Please give the lines below again exactly as they stand, from the one that contains "Genome-Wide Association Studies" up to and including the one that contains "A man partakes", leaving all pictures out.

▸ Records supplied:
+---+
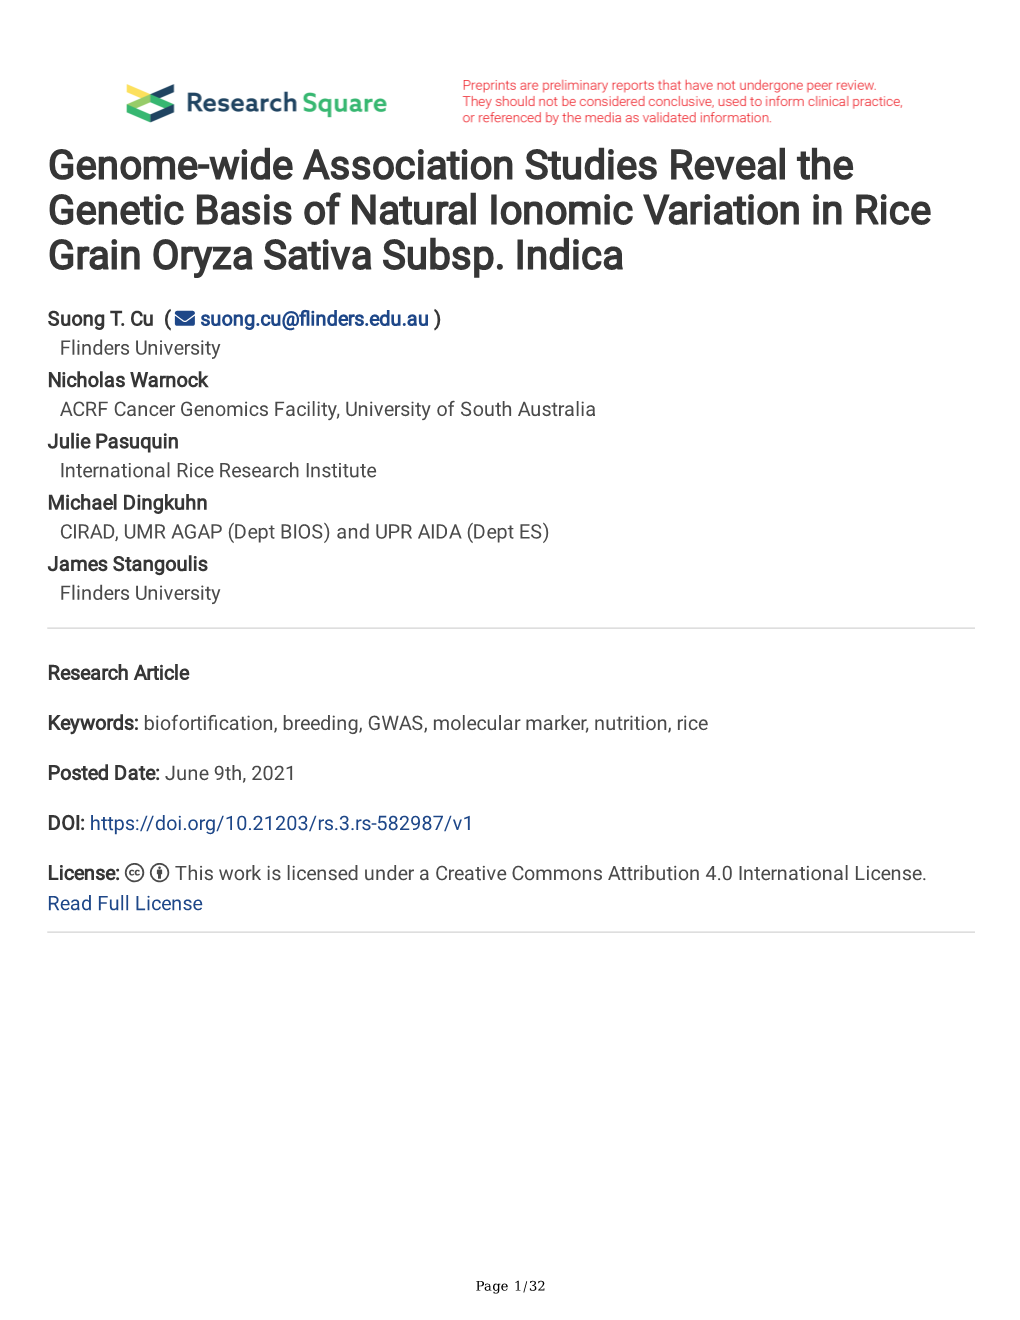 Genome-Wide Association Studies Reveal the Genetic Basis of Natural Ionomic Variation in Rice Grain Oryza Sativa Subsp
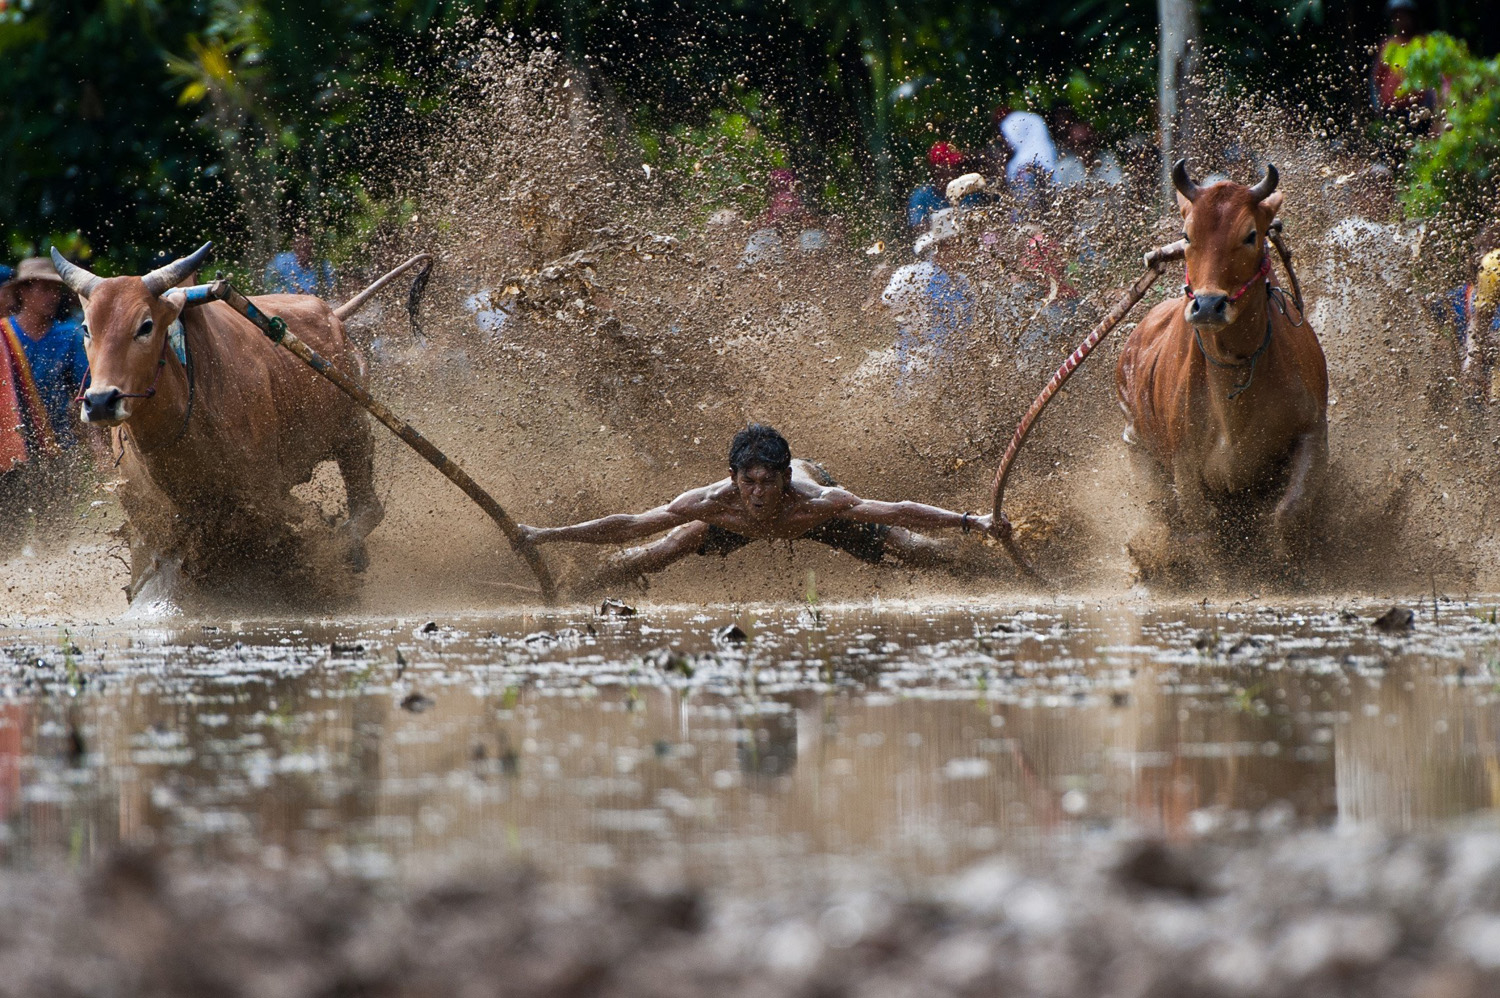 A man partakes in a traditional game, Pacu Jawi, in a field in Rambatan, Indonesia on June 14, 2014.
+---+
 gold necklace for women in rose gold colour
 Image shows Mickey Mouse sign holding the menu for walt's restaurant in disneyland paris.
+---+
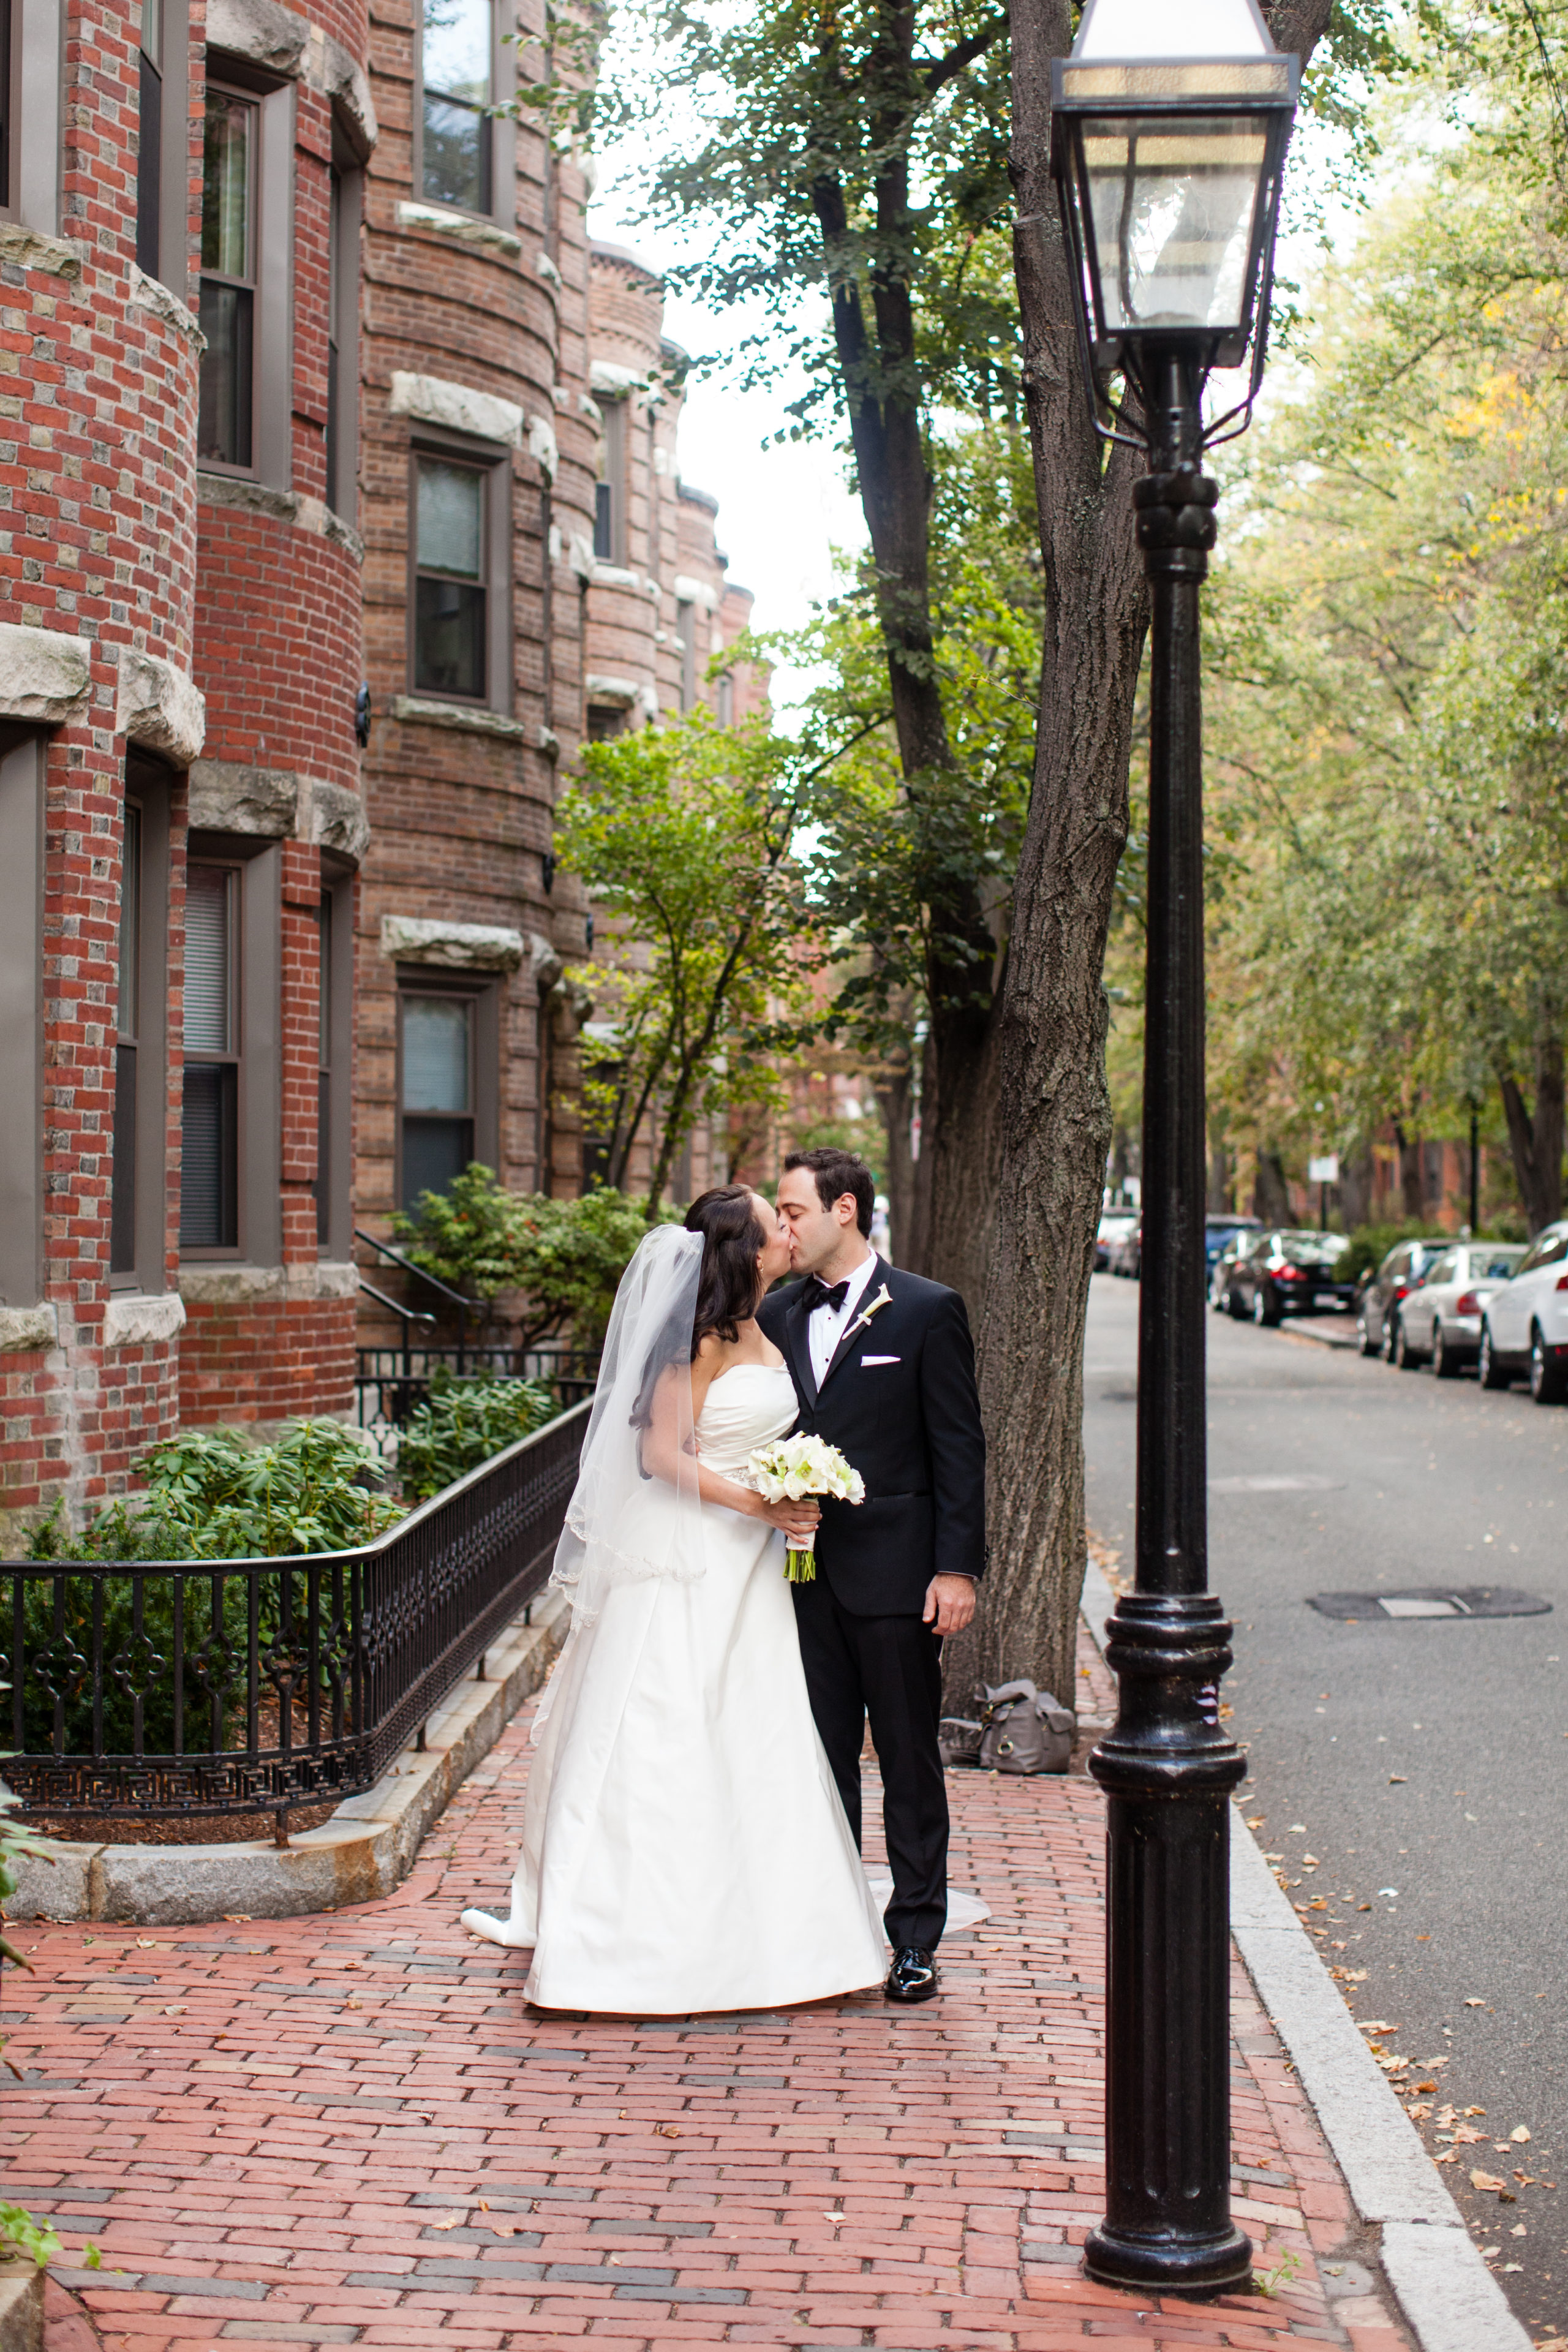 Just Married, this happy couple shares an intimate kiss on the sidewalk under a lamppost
+---+
▸ Answer for the task:
 Genome-Wide Association Studies Reveal the Genetic Basis of Natural Ionomic Variation in Rice Grain Oryza Sativa Subsp
 A man partakes in a traditional game, Pacu Jawi, in a field in Rambatan, Indonesia on June 14, 2014.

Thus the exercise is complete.